This specification defines one DNS-SD service type:

Advertisements of the above type are accompanied by the following DNS TXT records.

DNS-SD TXT Records


The DNS-SD advertisement MUST be accompanied by a TXT record of name ‘api_proto’ with a value of either ‘http’ or ‘https’ dependent on the protocol in use by the Network Control API server.


The DNS-SD advertisement MUST be accompanied by a TXT record of name ‘api_ver’. The value of this TXT record is a comma separated list of API versions supported by the server. For example: ‘v1.0,v1.1,v2.0’. There should be no whitespace between commas, and versions should be listed in ascending order.


The DNS-SD advertisement MUST be accompanied by a TXT record of name ‘api_auth’ with a value of either ‘true’ or ‘false’ dependent on whether authorization is required in order to interact with the Network Control API or not.

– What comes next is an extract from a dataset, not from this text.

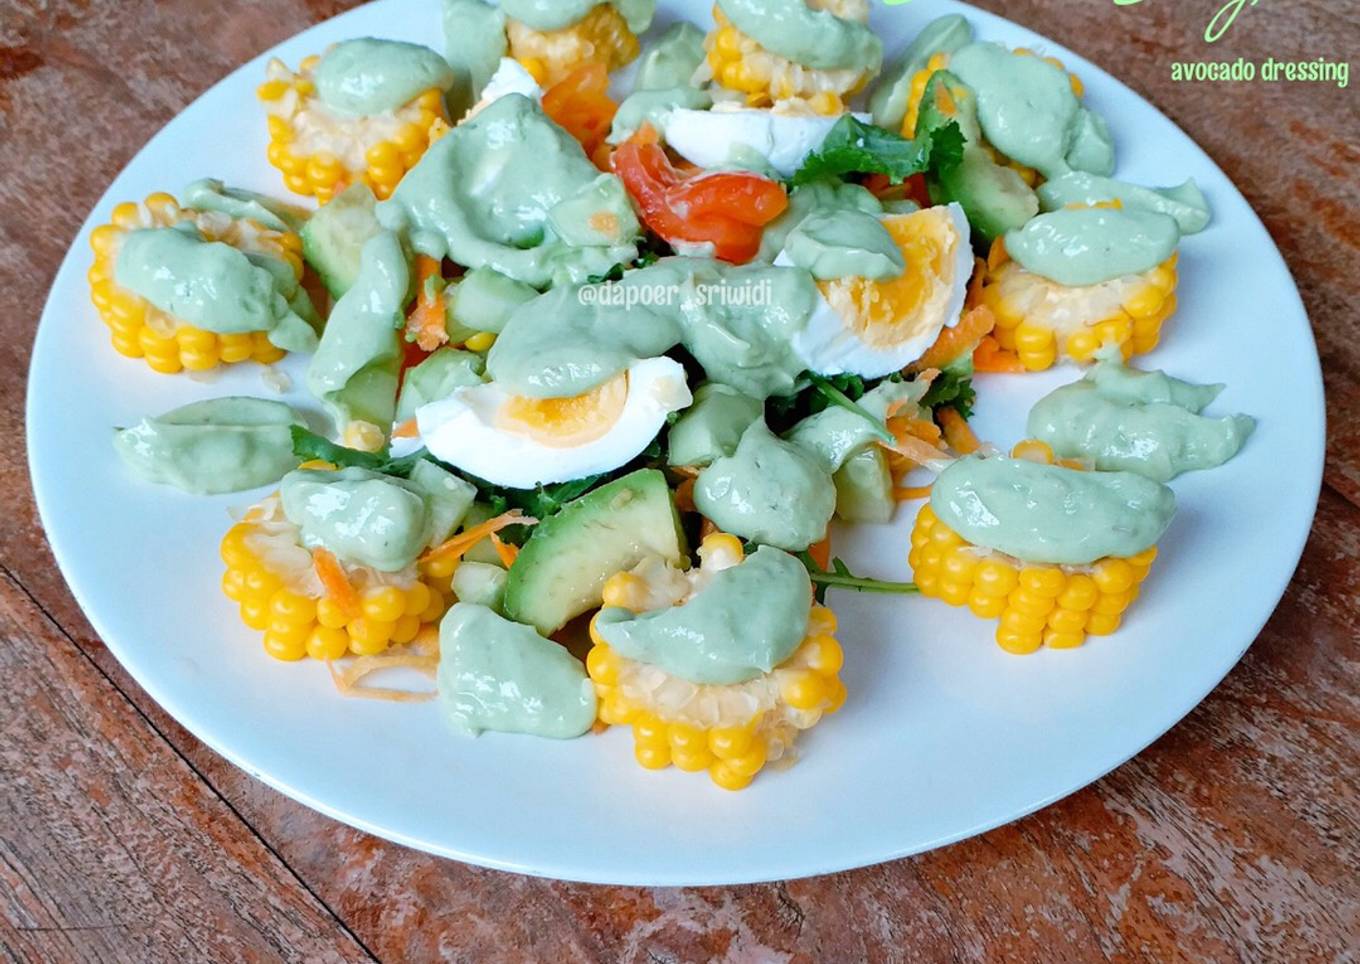 Salad Sayur Avocado Dressing

The DNS-SD advertisement MUST include a TXT record with key ‘pri’ and an integer value. Servers MAY additionally represent a matching priority via the DNS-SD SRV record ‘priority’ and ‘weight’ as defined in RFC 2782. The TXT record should be used in favour to the SRV priority and weight where these values differ in order to overcome issues in the Bonjour and Avahi implementations. Values 0 to 99 correspond to an active NMOS Network Control API (zero being the highest priority). Values 100+ are reserved for development work to avoid colliding with a live system.

DNS-SD Advertisement

Dependent on the architecture of a network, it may make sense to use one or both of unicast or multicast DNS for discovery.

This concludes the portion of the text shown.